Esse capítulo é o único que não houve contribuição de alguma outra cena. Ele caminha, sinuoso, mas em apenas uma cena. E foi um dos que mais protelei para escrever, por que sabia que precisava ser intenso e, bem, prestar atenção não é lá meu ponto mais forte, então foi difícil mesmo.
Não fiz o Draco e a Gina ficarem tendo briguinhas à toa para ilustrar melhor o amadurecimento deles e também não tornar comum o hábito de se desentenderem. E também por que me cansa um pouco, talvez faça sentido em Hogwarts, mas dez anos depois meio que não combina taaanto assim. A idade traz discernimento, então você passa a escolher muito bem com que tipo de contratempo você vai se irritar, por que se irritar cansa hhahahahaha.

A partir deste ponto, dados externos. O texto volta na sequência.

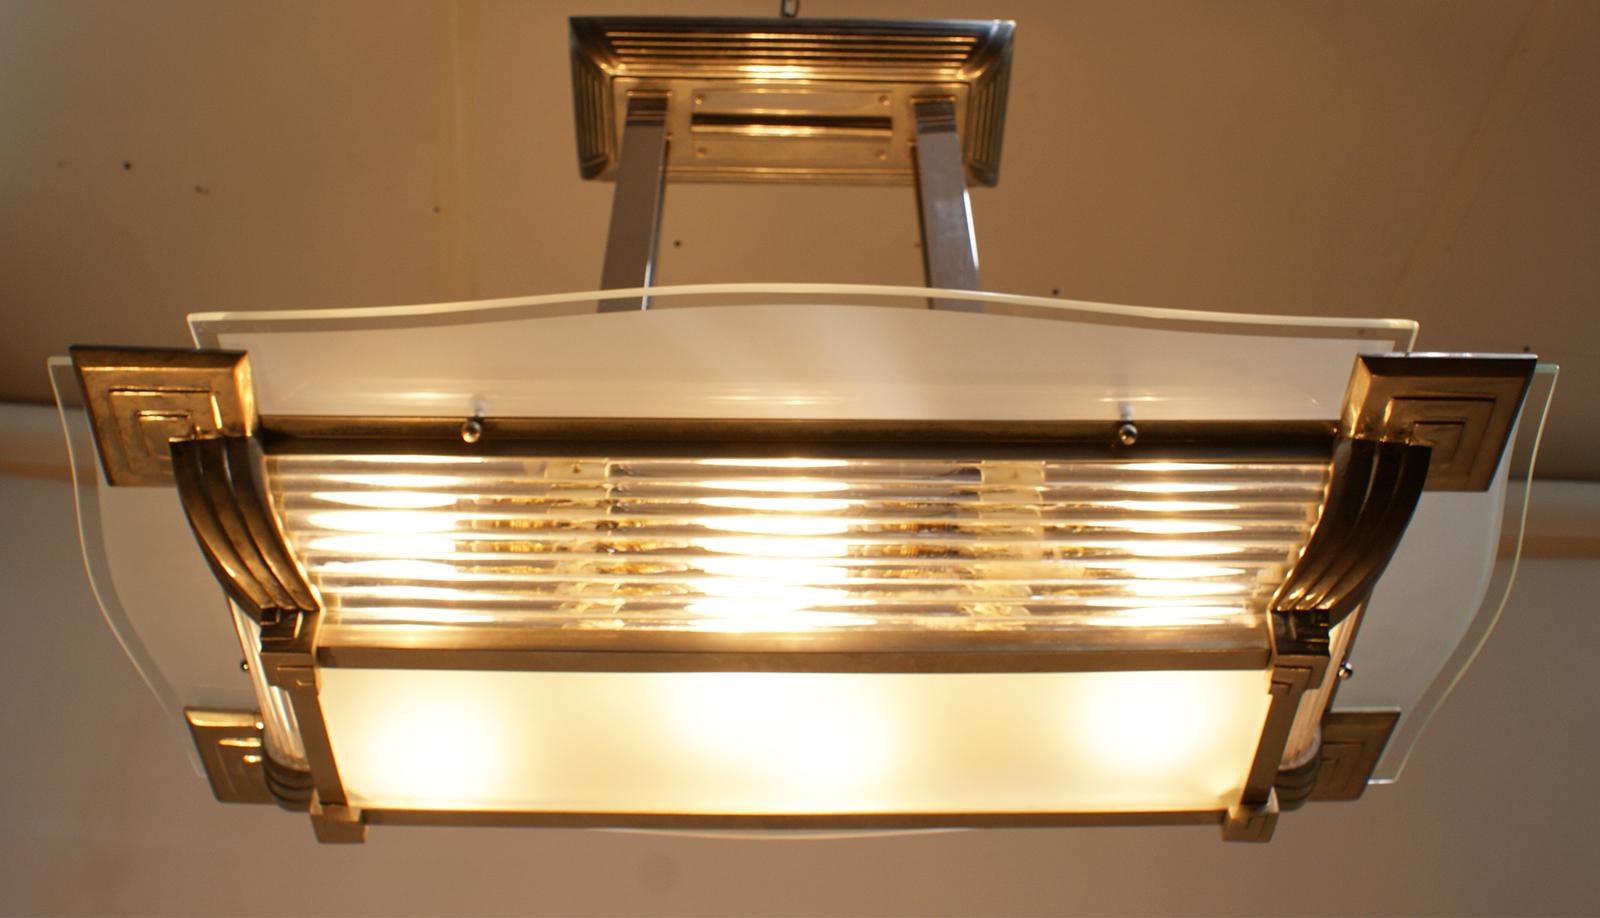 Large rectangular modernist chandelier with a nickel-plated bronze structure and glass tubes, typical of the Art Deco period.
   

O Harry é muito carta manjada de discussão entre eles, acho que em quase 90% das fanfics eles brigam por causa do Cicatriz e, honestamente, não tem como ser diferente. Por mais que a gente tente evitar alguns clichês, se levarmos em consideração o tempo em que Gina e ele ficaram juntos, faz sentido que a discussão seja mesmo sobre o Harry. Para mim, ao menos, faz sentido.
Embora eu tenha feito o Harry insistir, não significa que vocês devam odiá-lo, tá? Hahahaha Mas todo mundo que já viveu um relacionamento longo sabe como é complicado para terminar e etc, e é bem comum que haja recaídas no processo. Só que, no caso, a Gina tocou o barco (por que ela já estava de saco cheio há mais tempo e etc) e o Harry ainda está com medo de ter feito merda e tenta reatar, é normal isso. Não odeiem o menino hahahahahahah.
Espero que vocês estejam gostando! Falta pouquinho para a fanfic acabar, só mais 02 capítulos. Agradeço a todos pela paciência.